Sonntag, 20. Juni 2010 21:36
Am 15. Juli 2008 nahm die Genfer Polizei den Sohn des libyschen Staatschefs Hannibal Ghadhafi wegen des Verdachts der Misshandlung zweier Hausangestellter vorübergehend fest. Kurz darauf wurden die beiden Schweizer Rachid Hamdani und der Landeschef von ABB Max Göldi in Libyen verhaftet. Der Beginn eines zähen Seilziehens
Was steckt hinter dem Bückling?
Zwei Jahre lang wurde in der Folge munter persönliche Eitelkeiten auf beiden Seiten mit politischen und wirtschaftlichen Fragen vermischt. Viel wurde in den Medien und am Stammtisch über die Hintergründe spekuliert.
Ob der Einsatz der Genfer Polizei in dieser Härte gerechtfertigt war, lässt sich ohne Untersuchung wohl nicht abschliessend beantworten. Dass die Veröffentlichung der Polizeifotos in der «Tribune de Genève» zumindest nicht sehr Klug und Wasser auf die Mühlen der Libyschen Regierung war, darüber brauchen wir nicht weiter zu diskutieren.
Aber müssen deshalb gleich zwei unserer Bundesräte persönlich vorstellig werden und sich bei dieser Gelegenheit für die Behandlung entschuldigen?
Ghadhafi und die Geheimdienste
Als man aus Tripolis vernahm, die Schweiz plane eine militärische Befreiungsaktion, sah dies die Öffentlichkeit höhnisch als weiteren Hinweis auf den Wahn des libyschen Herrschers. Doch wie man inzwischen weiss, war sein Geheimdienst besser informiert, als die Schweizer Bevölkerung. Und wie es scheint, auch besser als die Mehrheit des Bundesrates.

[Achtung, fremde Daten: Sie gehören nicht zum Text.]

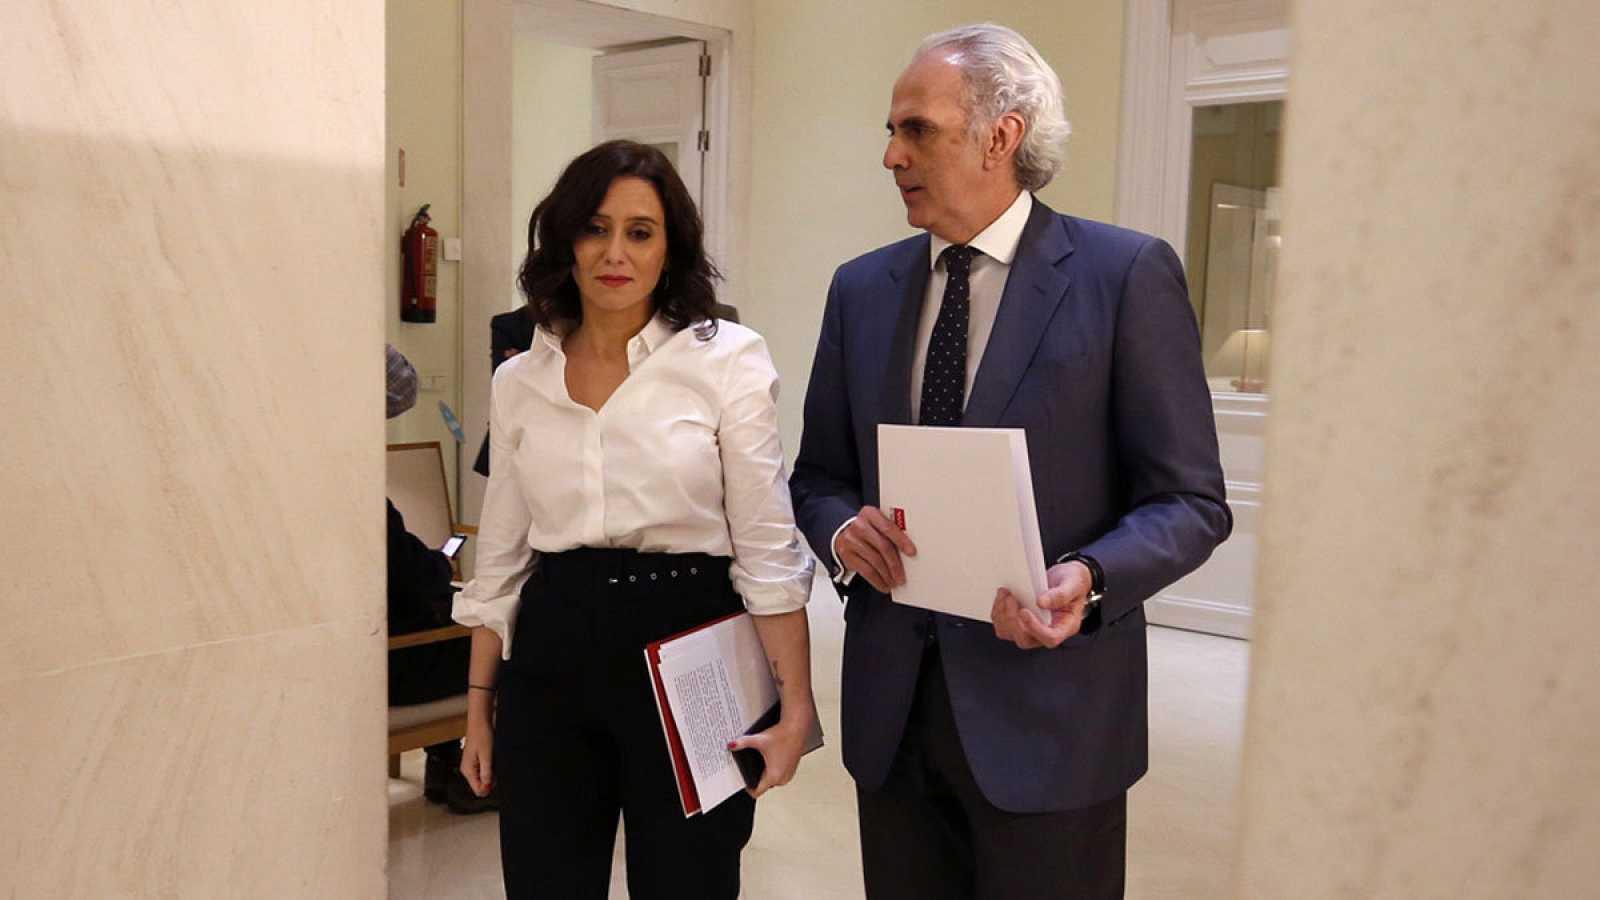 La presidenta de la Comunidad de Madrid, Isabel Díaz Ayuso, junto al consejero de Sanidad, Enrique Ruiz Escudero.

Wobei man spätestens seit der Tinner-Affäre mindestens ahnen kann, dass auch die Schweiz im geheimen weit aktiver ist, als man annehmen möchte. Und dass der Bundesrat der Bevölkerung nicht immer alles freiwillig auf die Nase. bindet
Zwei unbeantwortete Fragen
Nachdem nun auch Max Göldi wieder zuhause ist, finden scheibchenweise neue Informationen den Weg an die Öffentlichkeit. Mindestens ein weiterer Schweizer soll sich in die Schweizer Botschaft gerettet und dank den Bemühungen des EDA schliesslich ein libysches Ausreisevisum erhalten und Libyen Ende Oktober 2008 verlassen haben. Dies, während weitere Schweizer offenbar komplett unbehelligt blieben.
Da mich bei einem Konflikt immer auch die Ursachen interessieren, beschäftigen mich seit der Verhaftung zwei Fragen, die in der Folge der Entwicklungen der Krise untergingen.
1. Warum wurden ausgerechnet Rachid Hamdani und Max Göldi zurückgehalten?
Sollte die Antwort «Weil die beiden leider wirklich kein gültiges Visum hatten» lauten, ergibt sich daraus die nächste Frage.
2. Wie kommt es, dass zumindest im Fall von Max Göldi sein Arbeitgeber, ein international tätiger Konzern mit 117.000 Mitarbeitenden in rund 100 Ländern, nicht in der Lage ist, gültige Visa für seine Mitarbeiter zu besorgen?
Die ABB äussert sich am 14. Juni 2010 auf Ihrer Homepage offenbar zu genau diesen Fragen folgendermassen «Dies muss vor dem Hintergrund diplomatischer Spannungen zwischen Libyen und der Schweiz gesehen werden.» und weiter «trat er [Max Göldi] eine Gefängnisstrafe für ein angebliches Vergehen gegen die Visa-Bestimmungen an.»
Falls dies der Fall ist, stellt sich erneut die Frage «Warum ausgerechnet Göldi?»
Man darf auf den weiteren Verlauf der Geschichte gespannt sein.